Figure 4—figure supplement 1
Temporal decoding error.
Heatmap of touch time decoding RMS error with respect to both population size and temporal position of analysis window.
Figure 5
L4 spike count varies with touch properties.
(A) Left, touch aligned spike rasters for a single cell, sorted by one of three touch properties: Order of touch in trial (top), whisker velocity at touch onset (middle), maximum whisker curvature during touch (bottom). Value of touch property corresponding to the touch (red line). Spike integration window for binned touch response (pink), first touches in trials highlighted (grey). Right, average spikes per touch for a binned range of touch property (10 bins with equal number of touches) (black line), 95% confidence interval (grey line). Same example cell as in Figures 1, 3. (B) Heatmap of the response of each L4 excitatory cell inside C2 (n = 31) to the three touch characteristics across 10 equal element bins. Responses normalized to peak for each cell. Cells are ordered by the mean tuning to maximum touch curvature. Example cell highlighted by black arrow. (C) Heatmap of the modulation index of the same cells and touch characteristics (max bin − min bin)/(max bin + min bin).
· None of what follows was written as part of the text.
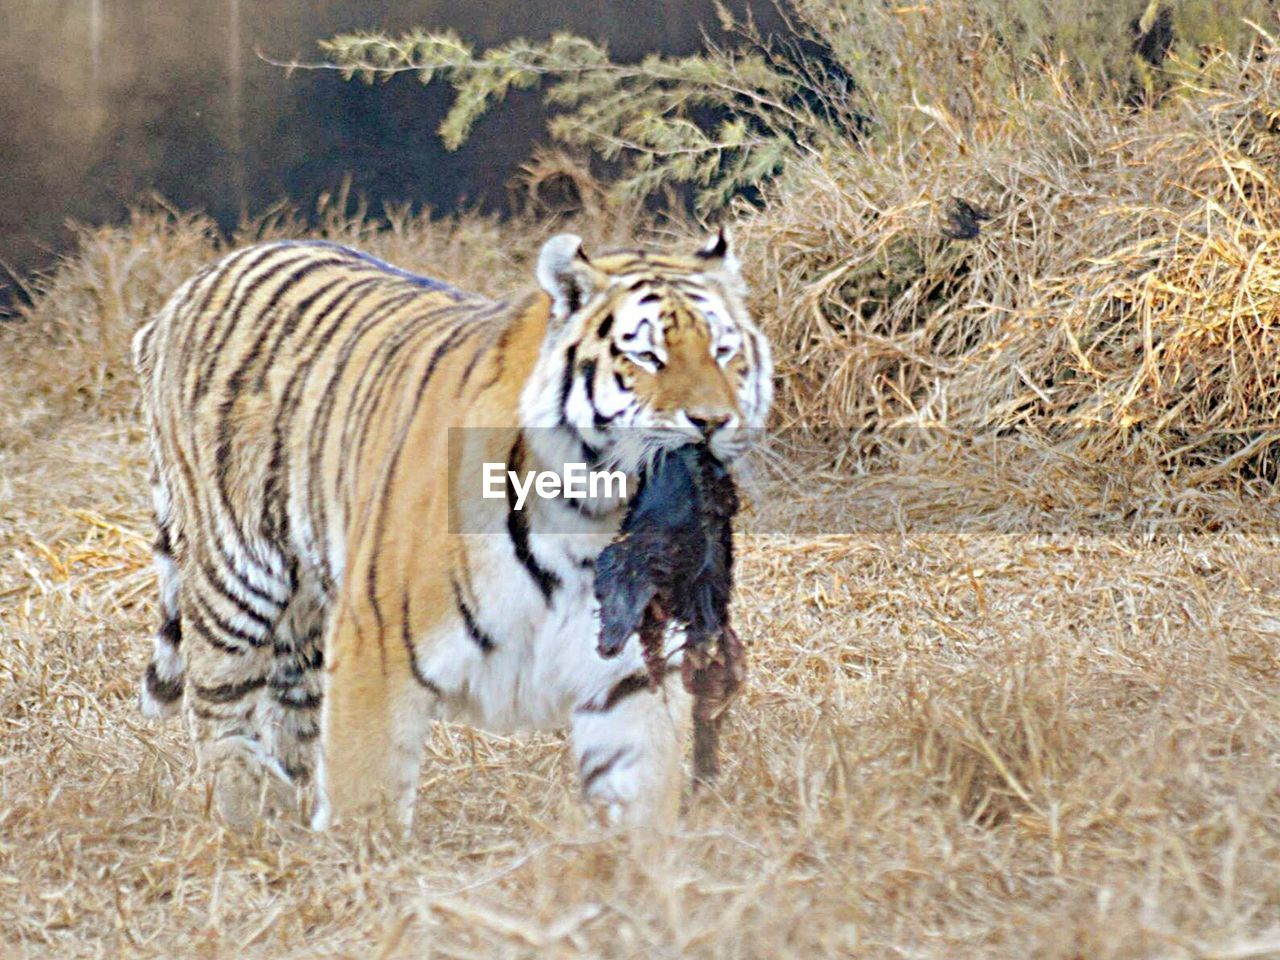 animals in the wild, animal wildlife, one animal, animal themes, tiger, day, no people, mammal, outdoors, nature, grass, full length, portrait, safari animals, zebra

Figure 6 with 1 supplement
L4 responses show minimal spike count variance.
(A) Raster plot of an example neuron aligned to touch onset. Example integration window (dashed lines) in which the neuron elicits 0 or 1 spike (black dots) per touch. (B) Fano factor computed over a sliding window of 10 ms (red; same neuron as A). Fano factor is ∼1 before touch occurs because the mean spike count is very low (∼0.03), which implies a minimum possible Fano factor of ∼1. Error bars, bootstrap s.e.m. Theoretical minimum Fano factor (green). PSTH aligned to touch, 1 ms bins (black). (C) Fano factor as a function of mean spike count for all L4 neurons in C2. For each cell we calculated the Fano factor in sliding windows of 10 ms and for each of the five similar touch groups. Fano factor for each 10 ms sliding window starting from touch onset up to 20 ms post touch in 1 ms increments (grey dots). The minimum Fano factor between 0–20 ms post touch (five touch clusters per cell; red circles). The minimum Fano factor across the five groups (blue circles). Theoretical minimum Fano factor (green line). (D) Fano factor averaged across the population of L4 neurons (black). Fano factor expected for Poisson neurons with equivalent spike rates (dashed grey) and with a 2.3 ms refractory period (dark grey). Error bars represent s.e.m. (E) Comparison of Fano factors. ‘1’, counting spikes during the sample period when the pole is within reach. ‘2’, counting spikes in random windows of 38 ms duration. The number of epochs per trial was matched to the number of touches in each trial. ‘3’ counting spikes in 38 ms windows after touch plus a latency of 6 ms. ‘4’, minimum FF using a sliding window of 10 ms after touch (between 0–20 ms after touch). ‘5’, same as ‘4’, except touches were divided into five groups (as in panels A–D). Bars are s.e.m. (F) Fano factor as a function of mean spike count for the five conditions shown in panel E. Bars are s.e.m.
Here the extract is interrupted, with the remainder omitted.